Let's go through the steps again to determine the acceleration of the bullet:
1. Start with the formula:
Change in position = (Initial velocity * Change in time) + (Acceleration * (Change in time)^2)/2
2. Rearrange the formula to solve for acceleration (a):
Acceleration = 2 * (Change in position - (Initial velocity * Change in time)) / (Change in time)^2
3. Substitute the known values:
Change in position = 0.840 m
Initial velocity = 521 m/s
Change in time = 0.003 s
Acceleration = 2 * (0.840 - (521 * 0.003)) / (0.003)^2
4. Simplify the equation:
Acceleration = 2 * (0.840 - 1.563) / (0.003)^2
Acceleration = -1.446 / 0.000009
5. Calculate the acceleration:
Acceleration = -160666.6667 m/s^2
From your calculation, it seems like there is a sign error somewhere.
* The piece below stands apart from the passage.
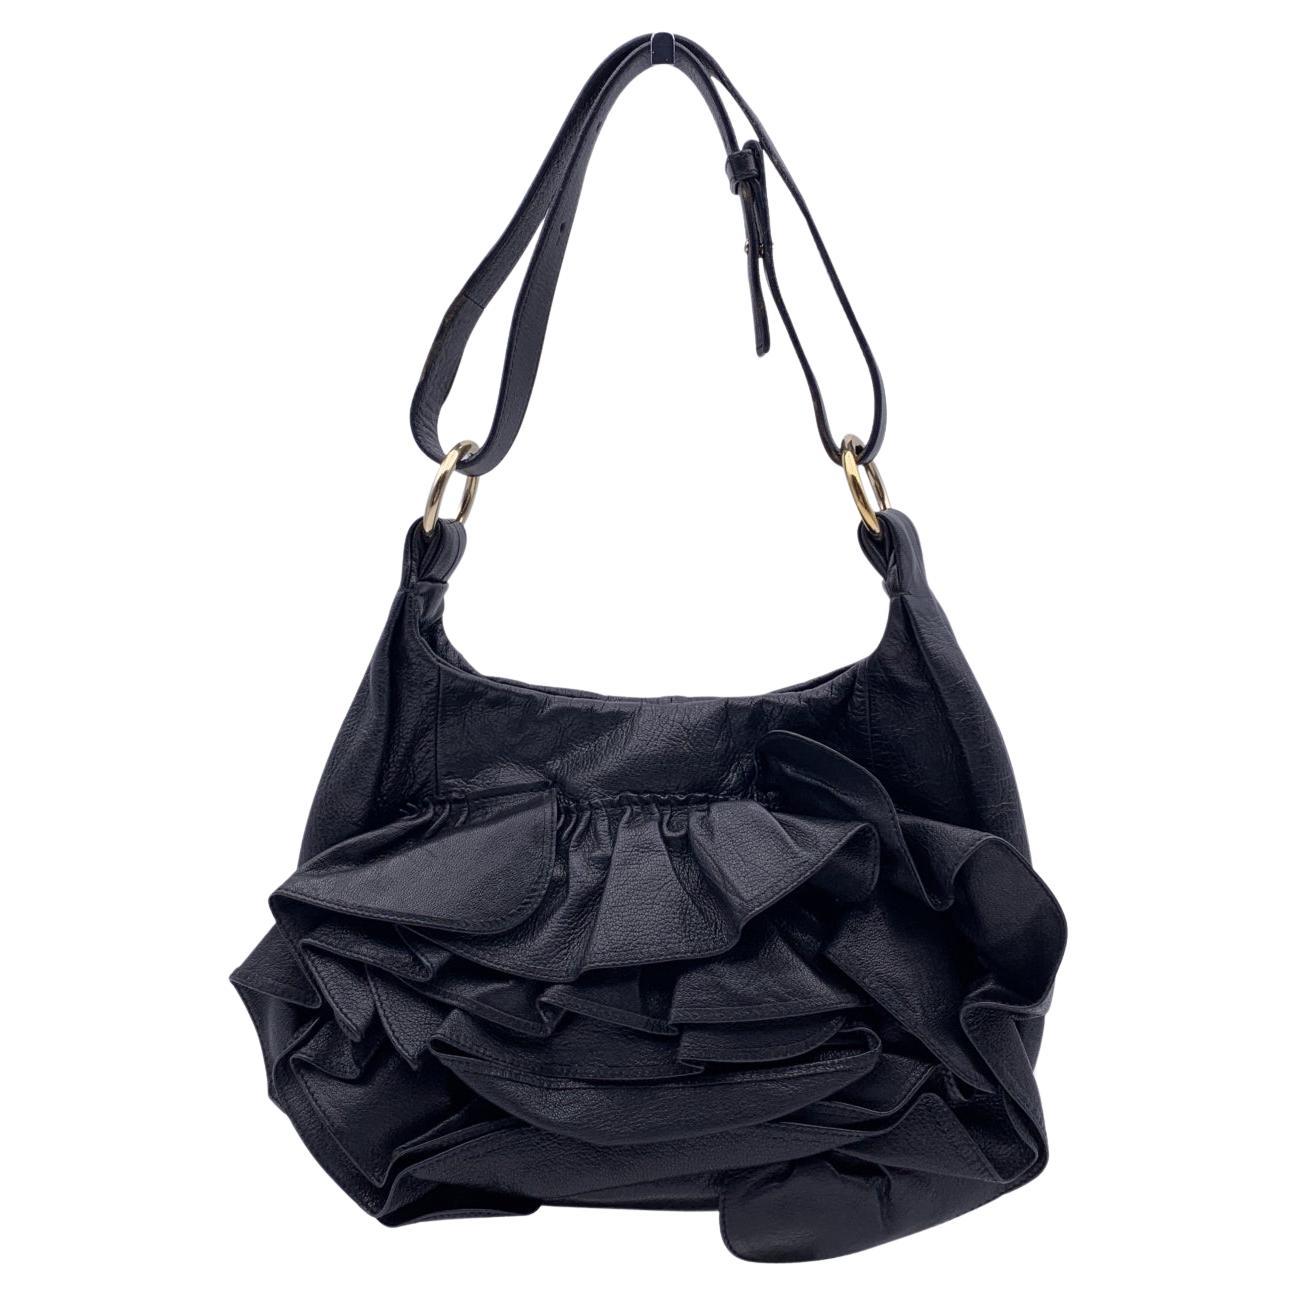 Yves Saint Laurent Black Ruffled Leather Hobo Tote Shoulder Bag

It is possible that you made a mistake when subtracting the product of the initial velocity and the change in time from the change in position. Double-check your calculation to ensure that the values are correct and that you are subtracting the correct term.
Once you find the correct value for the change in position, the calculation should result in a positive acceleration, indicating that the bullet is indeed accelerating.